Back to archive

Engineering

Your System Is Already Partitioned

A practical taxonomy of everyday micro-partitions and the design habits that make them survivable.

Your System Is Already Partitioned

Partition tolerance sounds like a property reserved for dramatic network failures. In production, partitions are usually smaller and more ordinary. One process is slow, one cache is stale, one owner is unavailable, and one deploy wave is ahead of another.

The thesis

Your system is already partitioned. The question is whether the design admits it.

Many architectures talk about partitions as rare events: a region isolated, a network cable cut, a database leader unavailable. Those events matter, but they are not the only partitions that shape user experience. Slow DNS, garbage collection pauses, noisy neighbors, deploy skew, stale caches, rate limits, retry queues, and ownership gaps all split the system into parts that temporarily disagree about time, state, or responsibility.

The practical problem is not whether a partition can happen. It is whether the system can keep making honest decisions while some parts see a different world.

The production pattern

The common pattern starts with a service that is healthy by its own dashboard. Error rates look fine. CPU is acceptable. The database is reachable. Yet users see inconsistent behavior. One request reads old configuration. Another reaches a new code path. A retry lands on a worker with a warmer cache. A scheduled job uses credentials that an interactive path has already rotated. A message consumer pauses long enough that ordering assumptions become fiction.

Nobody calls this a partition because packets still move. That naming gap is expensive. Engineers keep looking for a single outage while the actual failure is disagreement between components that are all partially alive.

Distributed systems do not need total failure to become distributed. They only need independent clocks, caches, queues, owners, deploys, and dependencies.

The model

I classify everyday partitions into four types: transport, time, state, and ownership.

Transport partitions are about reachability and delivery. Requests time out, DNS resolves slowly, connections pool badly, retries saturate a dependency, or one path can call a service while another cannot. The design question is what callers are allowed to assume when the answer is missing.

Time partitions happen when components observe the world at different speeds. A job is delayed, a cache refresh lags, a deployment rolls gradually, or an event arrives after the user has moved on. The design question is whether old information can still trigger new effects.

State partitions appear when replicas, caches, indexes, ledgers, and search views disagree. The design question is which state is authoritative for which decision, and how conflicts are repaired.

Ownership partitions happen when no single group owns the whole outcome. A platform owns the API, another group owns data quality, another owns support operations, and nobody owns reconciliation. The design question is who acts when the system is technically up but the user promise is broken.

This taxonomy matters because each partition type needs a different response. A circuit breaker helps with transport. Versioned reads help with state. Deadlines help with time. Clear runbooks and ownership contracts help with responsibility.

Where this goes wrong

The first mistake is measuring only hard availability. A dependency can be reachable and still too slow for the product promise. A cache can respond quickly and still be too stale for the decision being made.
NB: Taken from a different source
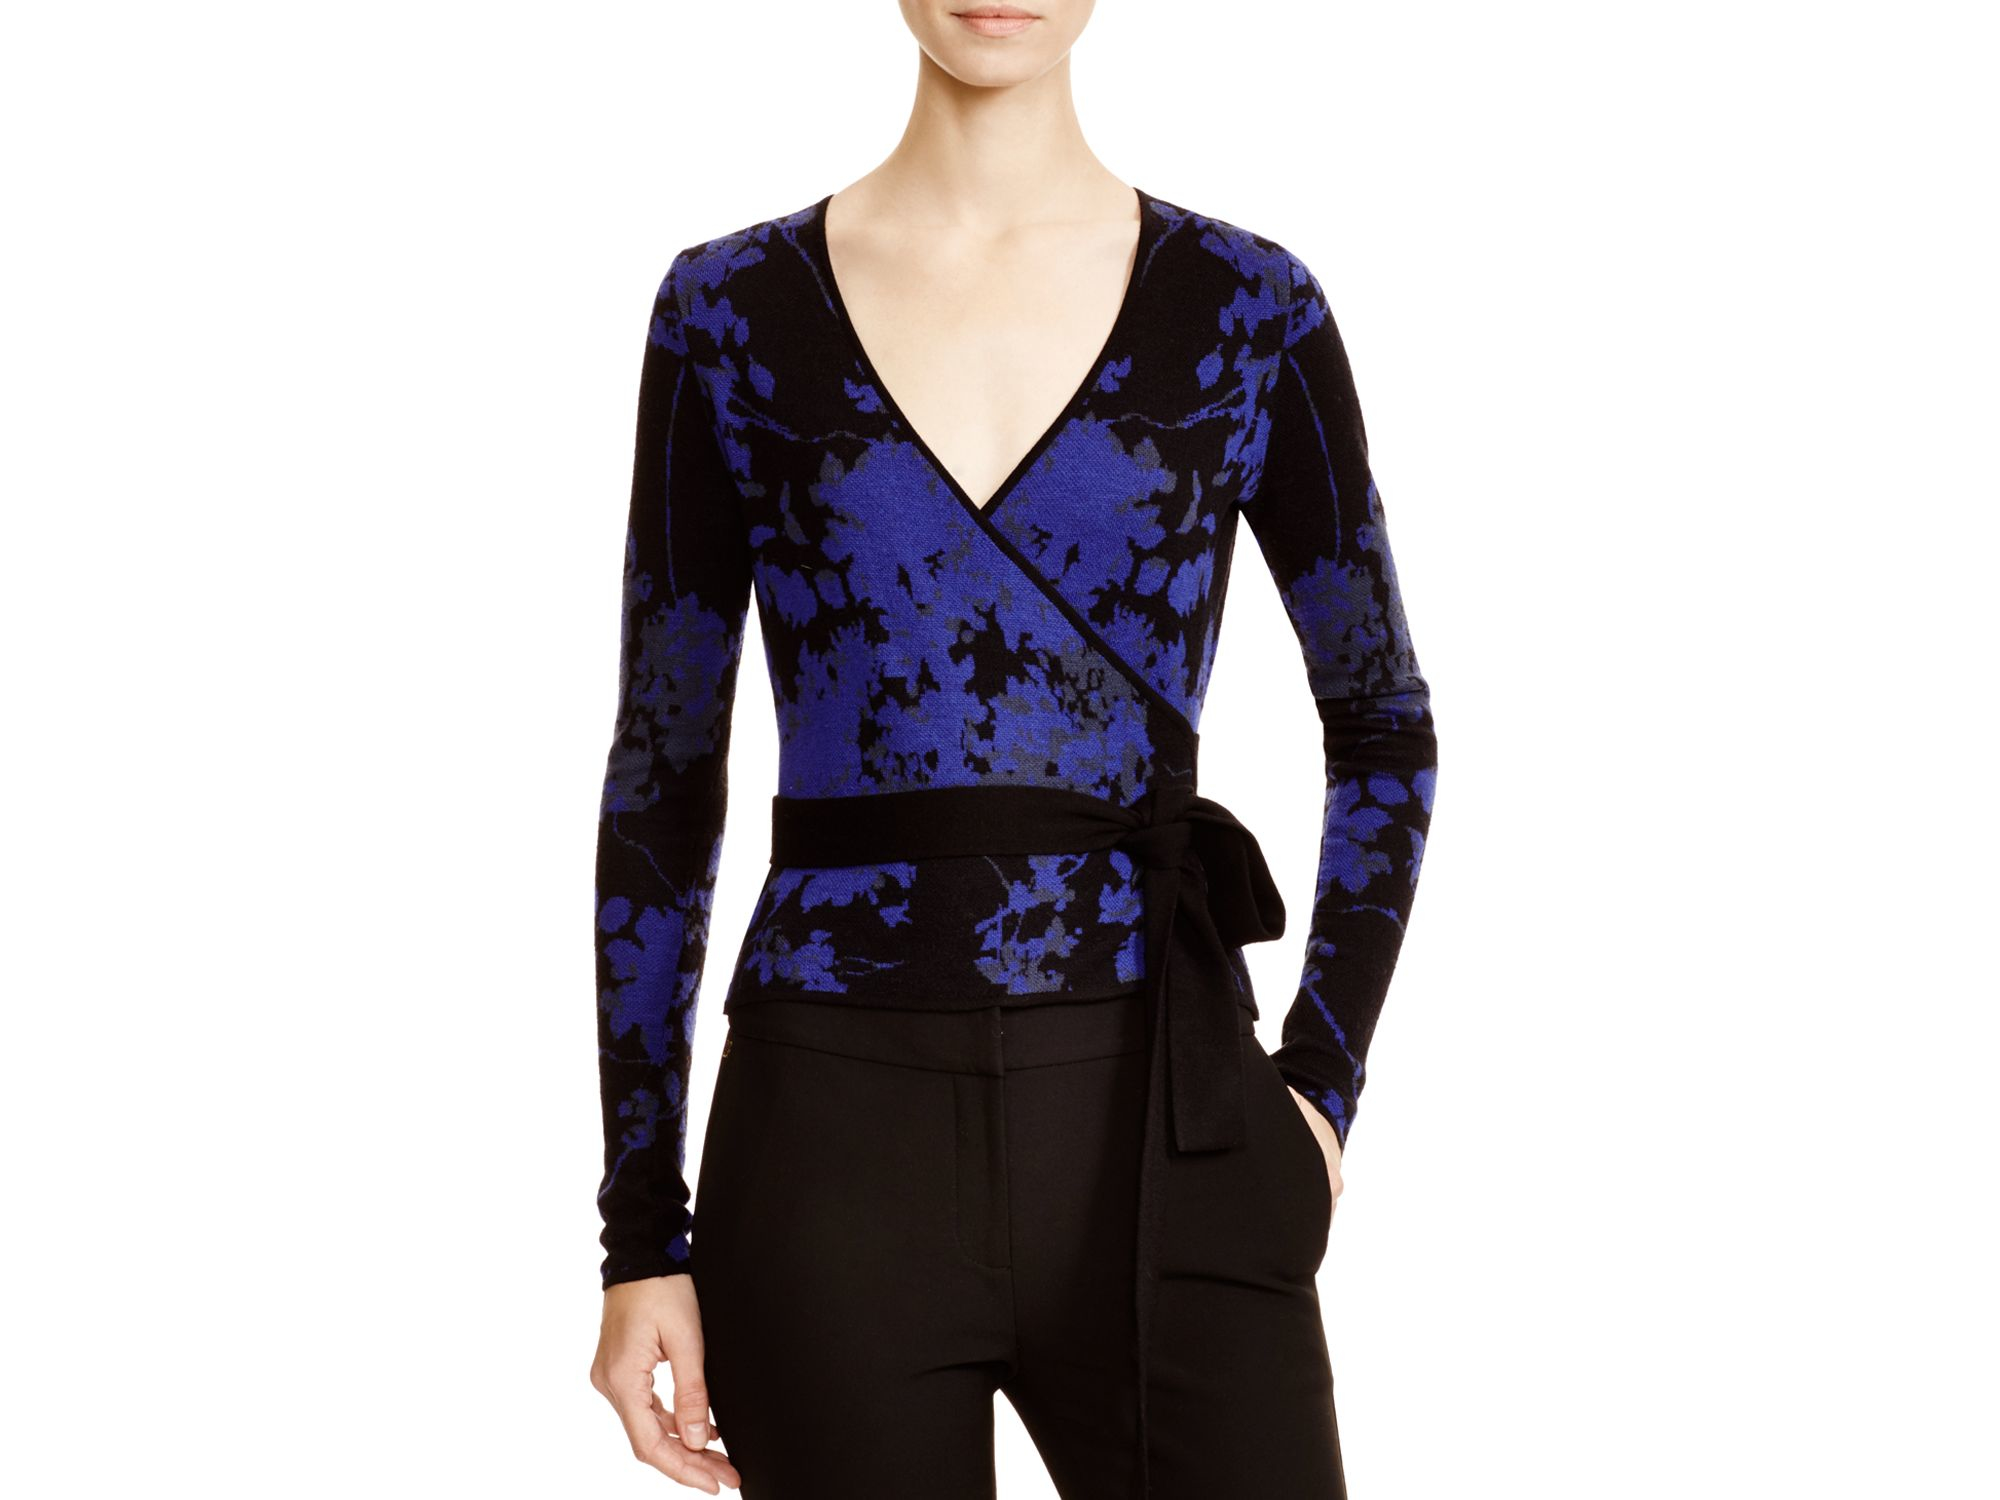 Diane von Furstenberg Kyla Floral Jacquard Wrap Sweater in Black - Lyst

A queue can be draining and still violate the user's expectation of freshness.

The second mistake is allowing retries to erase evidence. Retries can bridge a transport gap, but they can also cross time and state partitions in surprising ways. A retry after a timeout might run against newer configuration, a different schema version, or a changed entitlement.

The third mistake is assuming deploy skew is harmless because the rollout is short. Short is not the same as safe. If old and new versions interpret state differently, even a brief overlap can create durable confusion.

The counterpoint is that not every micro-partition deserves heavy machinery. Some stale reads are acceptable. Some asynchronous updates are part of the product. Some internal dashboards can lag without consequence. The discipline is to decide explicitly which promises require a single view of truth and which can tolerate temporary disagreement.

What I do now

I ask reviewers to name the partition they are designing for. "What if the dependency is down?" is too narrow. I ask what happens if it is slow, if the cache is old, if an event is late, if one version is deployed, if a retry crosses a state change, and if the owning group is unavailable.

I prefer designs that make staleness visible. Read models should know when they were computed. Cached decisions should carry freshness. Asynchronous workflows should expose whether work is queued, delayed, blocked, or reconciled.

I treat version compatibility as partition tolerance. During a rollout, old and new code are different participants in the same distributed system. They need to share durable state safely, tolerate unknown fields, and avoid assuming that every caller changed at once.

I also look for ownership partitions in design docs. If a user-facing promise crosses services, somebody must own the promise, not just a component. A principal engineer has to notice when the architecture is technically decomposed but operationally orphaned.

Finally, I prefer graceful refusal over dishonest progress. If the system cannot make a correct decision because the relevant view is stale or unreachable, it should say so, defer the decision, or restrict the operation.

Closing takeaway

Design for the partitions you already have: missing transport, mismatched time, divergent state, and split ownership.